### Instructions to follow
The material beneath this line should be printed exactly, with its pictures omitted.

### Provided data
★ ★ ★ ★ ★ ★ ★
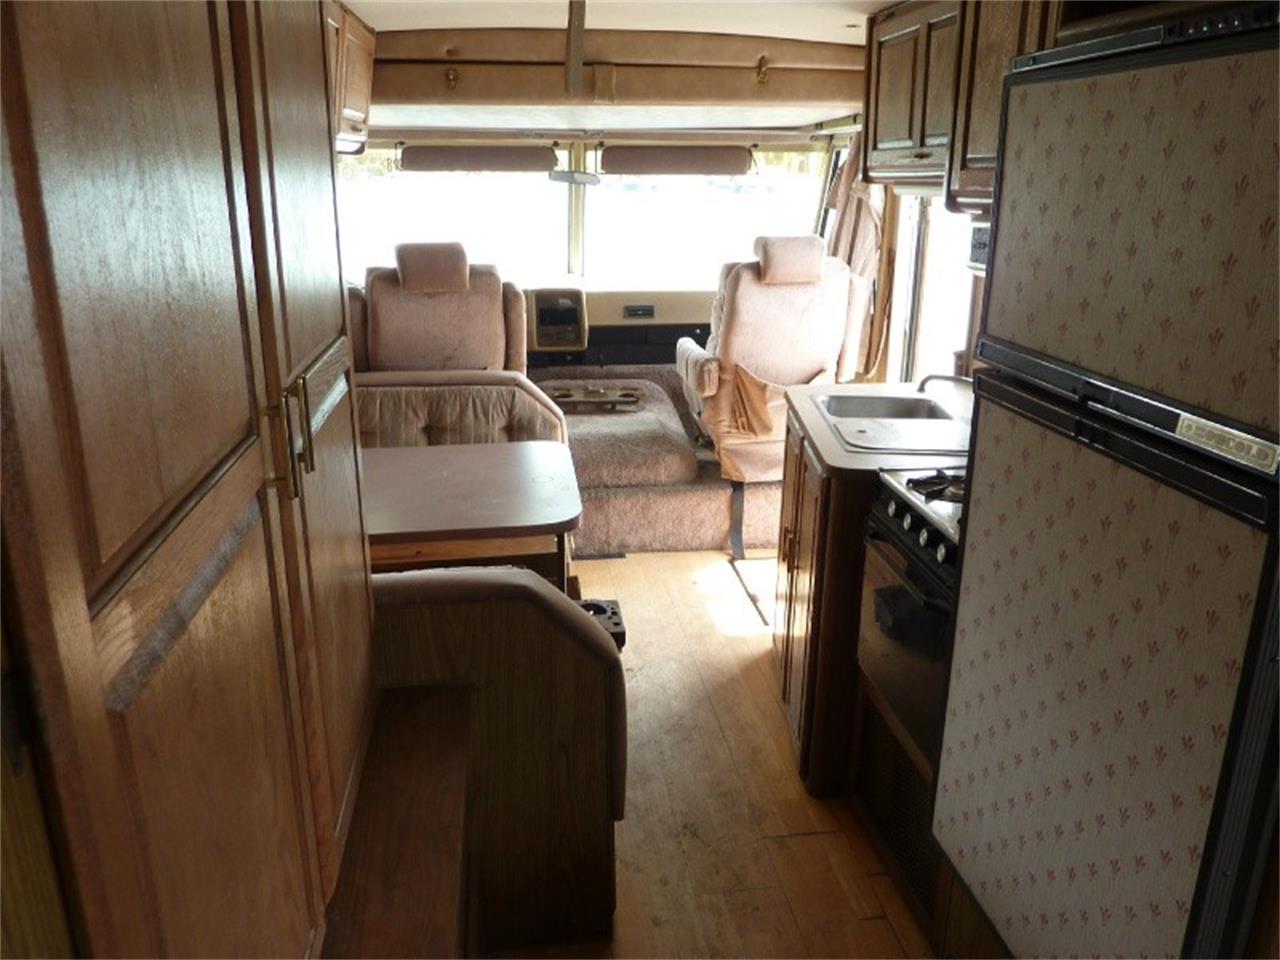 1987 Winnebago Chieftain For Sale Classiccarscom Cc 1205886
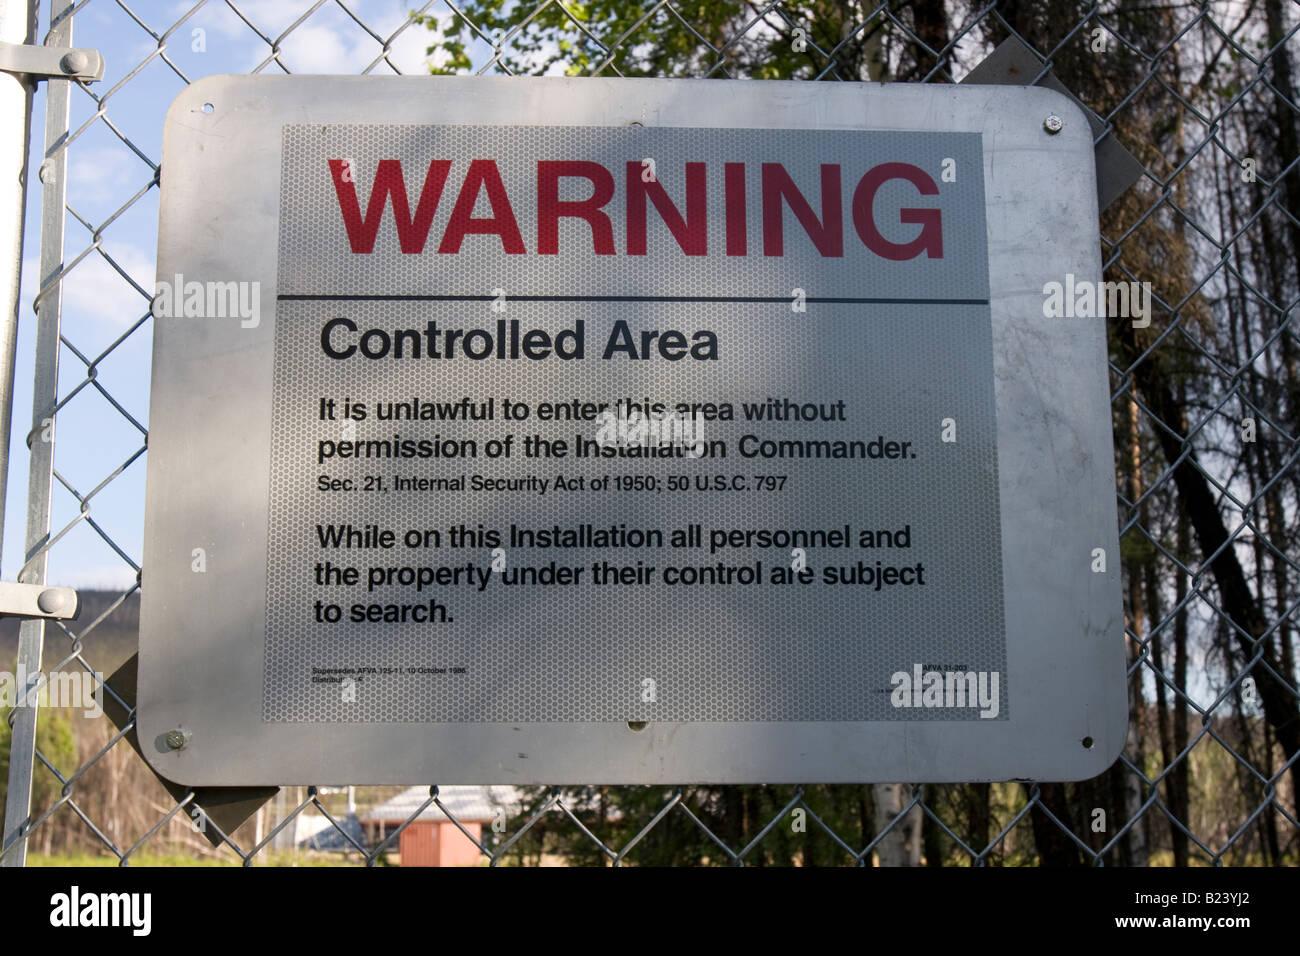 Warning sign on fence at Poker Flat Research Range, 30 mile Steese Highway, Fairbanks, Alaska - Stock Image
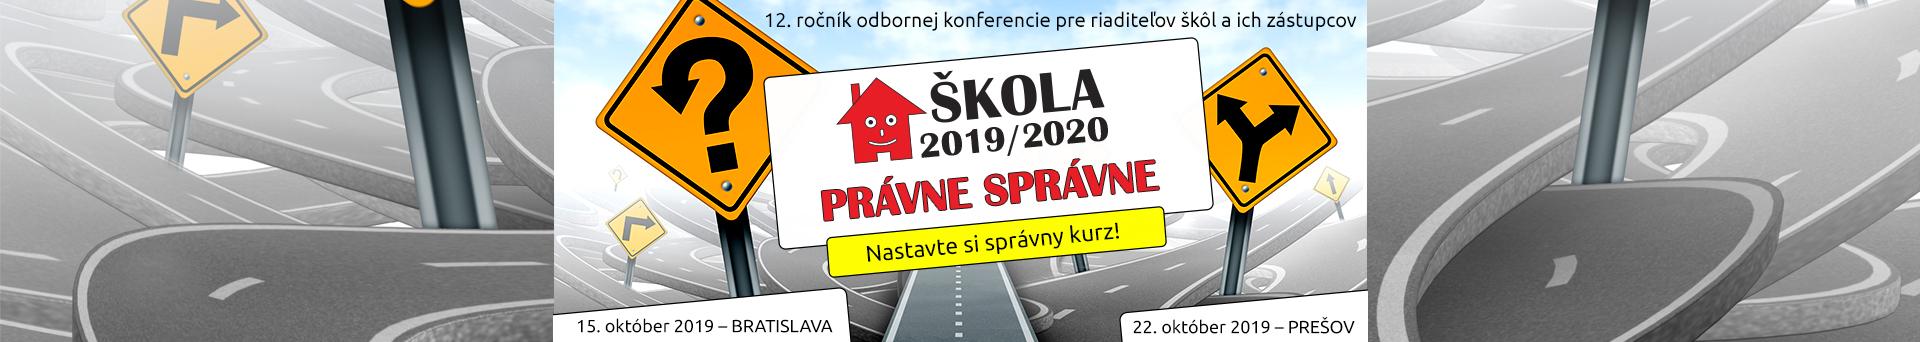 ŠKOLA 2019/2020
★ ★ ★ ★ ★ ★ ★
### Solved problem
 1987 Winnebago Chieftain For Sale Classiccarscom Cc 1205886
 Warning sign on fence at Poker Flat Research Range, 30 mile Steese Highway, Fairbanks, Alaska - Stock Image
 ŠKOLA 2019/2020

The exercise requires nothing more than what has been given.